How to iterate through tensors in custom loss function?

Question

I'm using keras with tensorflow backend. My goal is to query the batchsize of the current batch in a custom loss function. This is needed to compute values of the custom loss functions which depend on the index of particular observations. I like to make this clearer given the minimum reproducible examples below.

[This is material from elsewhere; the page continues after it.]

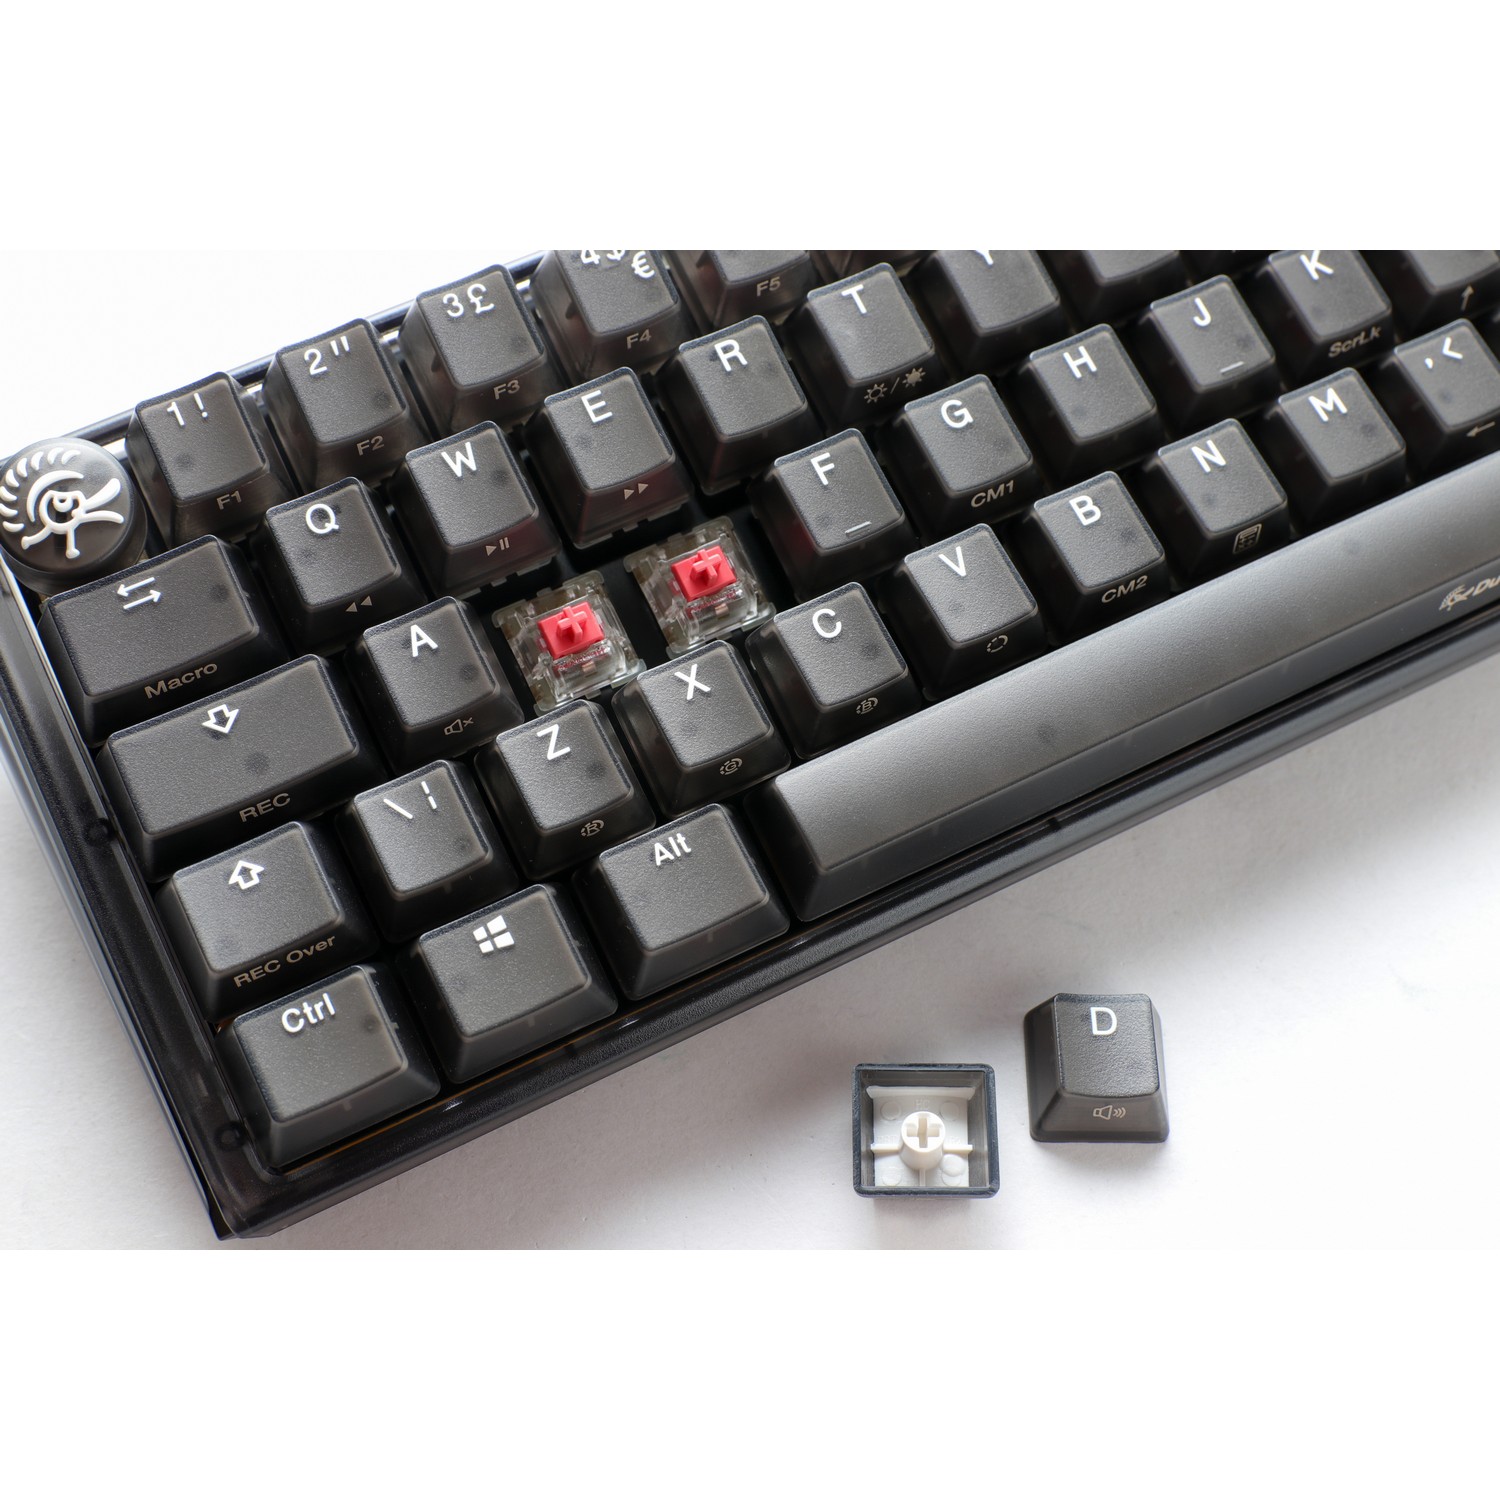 Ducky - Ducky One 3 Aura SF 65% Mechanical Gaming Keyboard Black Cherry Silent Red Switch UK Layout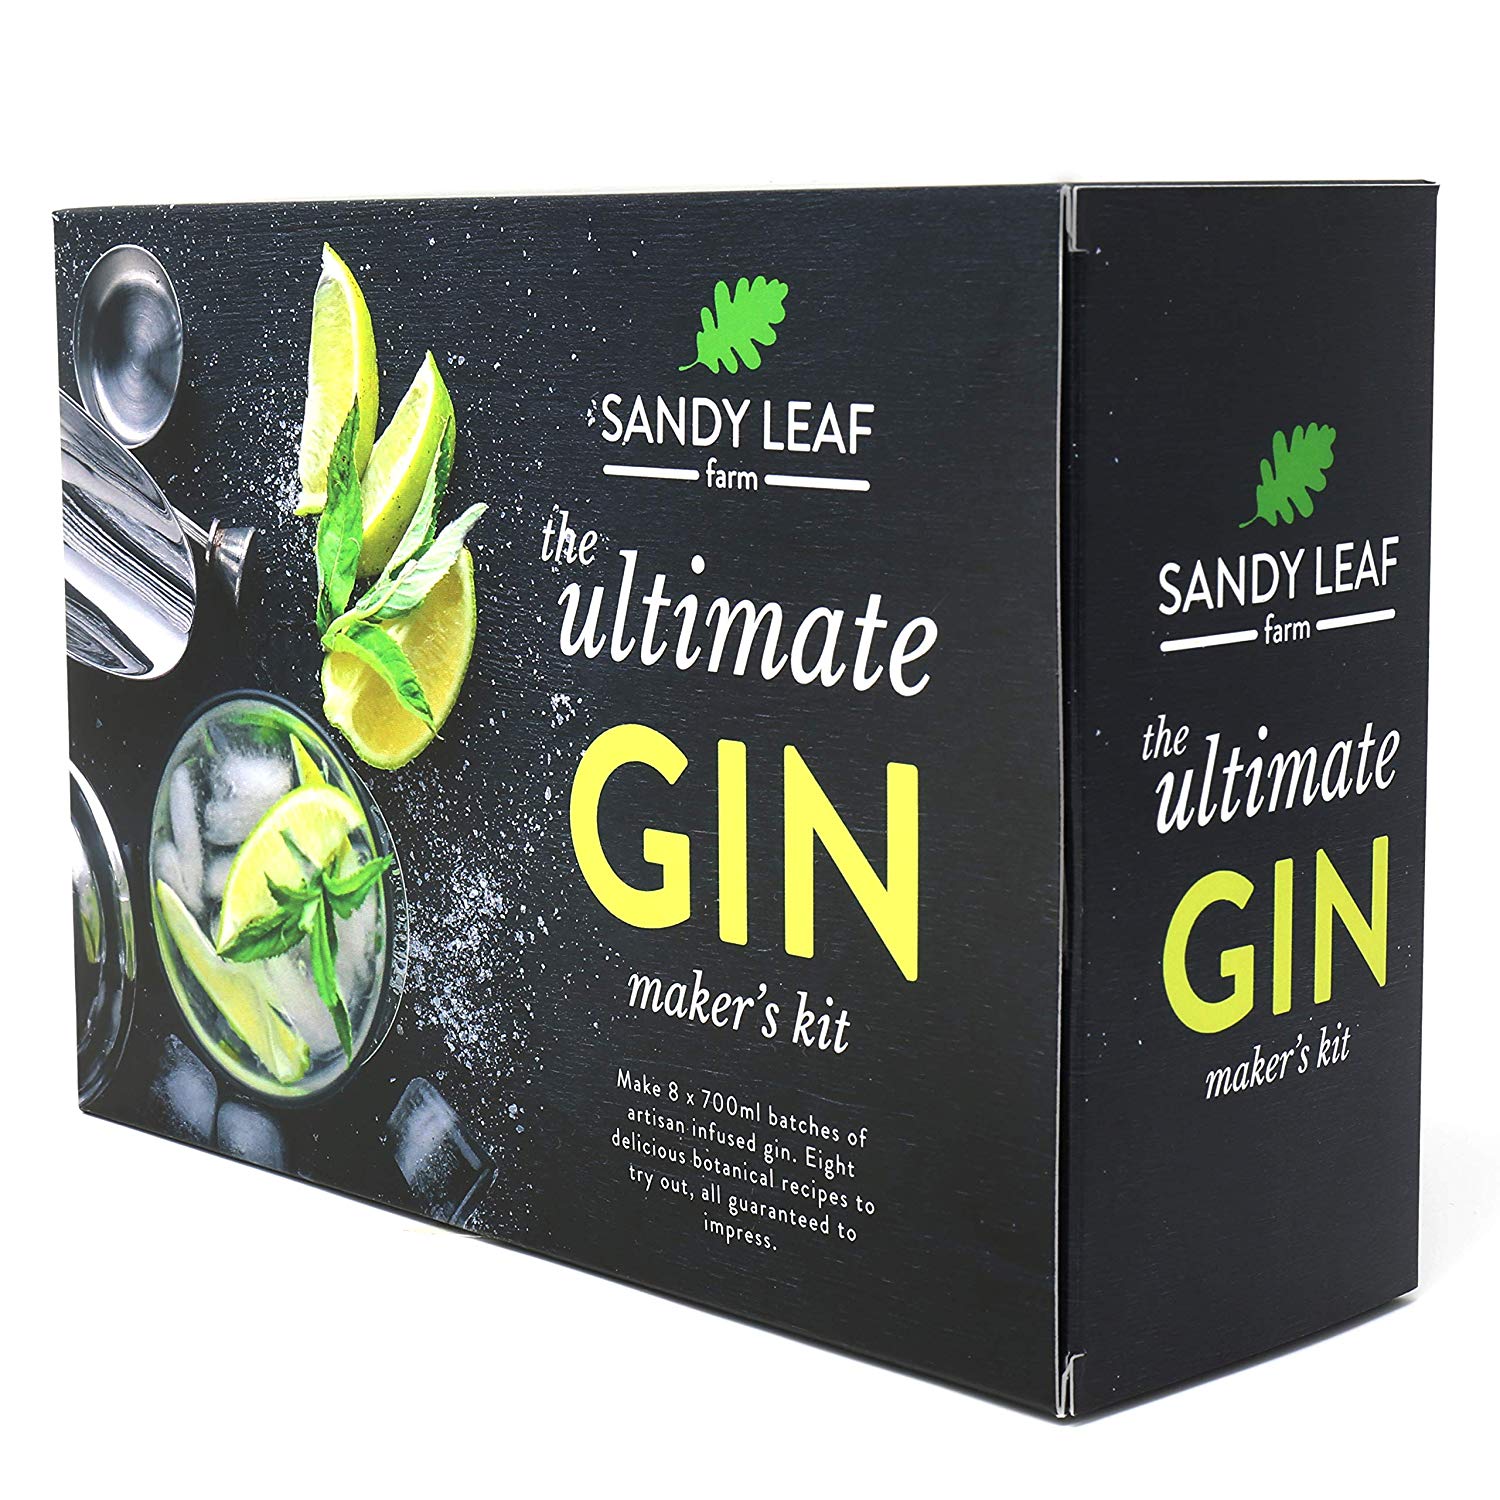 Win a Gin Making Kit from Sandy Leaf Farm

(BTW: Of course I could use the batch size defined for the training procedure and plugin it's value when defining the custom loss function, but there are some reasons why this can vary, especially if epochsize % batchsize (epochsize modulo batchsize) is unequal zero, then the last batch of an epoch has different size. I didn't found a suitable approach in stackoverflow, especially e. g. Tensor indexing in custom loss function and Tensorflow custom loss function in Keras - loop over tensor and Looping over a tensor because obviously the shape of any tensor can't be inferred when building the graph which is the case for a loss function - shape inference is only possible when evaluating given the data, which is only possible given the graph. Hence I need to tell the custom loss function to do something with particular elements along a certain dimension without knowing the length of the dimension.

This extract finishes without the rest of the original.